Is your qualification from China?


----------



## karhl (Aug 28, 2017)

Sillygos said:


> Could it have something to do with the Chinese Qualifications Verification? I know that if your qualification is from China, they need you to do the Chinese Qualifications Verification before applying for Priority Processing.
> 
> Is your qualification from China?


Thanks for the reply! 

This is from Vetassess web site:

"VETASSESS is authorised by China Higher Education Student Information and Career Center (CHESICC) and China Academic Degrees and Graduate Education Development Center (CDGDC) to verify Chinese education qualifications. We verify Chinese qualification documents obtained in China (except for Macau and Hong Kong) issued after 1981. This service verifies the authenticity of documents and does not compare Chinese qualifications with Australian equivalents."

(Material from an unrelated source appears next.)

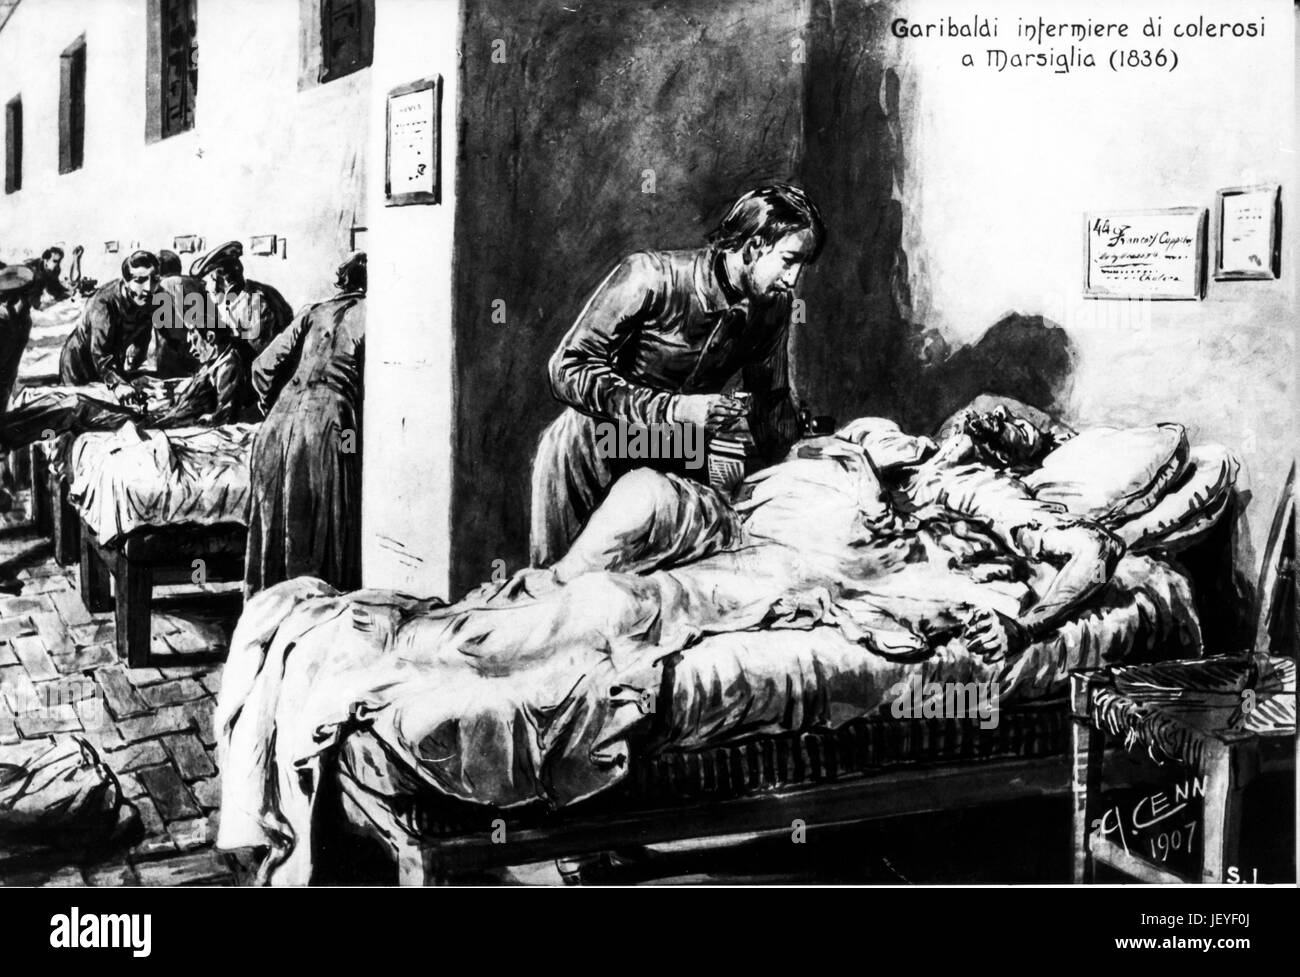 Giuseppe garibaldi nursing colonists in marsiglia, 1836 - Stock Image

My qualifications is from Hong Kong so I think it is no need for Chinese verification.


----------



## Sillygos (Jan 29, 2017)

karhl said:


> Thanks for the reply!
> 
> This is from Vetassess web site:
> 
> ...


Ok; not then it seems like it shouldn't be necessary. Is your qualification from a well known school otherwise it might be that they need more time to verify it's standards.


----------



## andrea_m (Sep 11, 2014)

Hi, I too am planning to submit my assessment for 511111 contract administrator. Do let me know the AQF Diploma guidelines. Do I need a diploma for 1-2 years or will a professional vendor certification help? with 10 years experience


----------



## shivam7106 (Aug 15, 2016)

andrea_m said:


> Hi, I too am planning to submit my assessment for 511111 contract administrator. Do let me know the AQF Diploma guidelines. Do I need a diploma for 1-2 years or will a professional vendor certification help? with 10 years experience


Hi,

Diploma will be only counted equivalent to AQF, if its of 2 years or more.


----------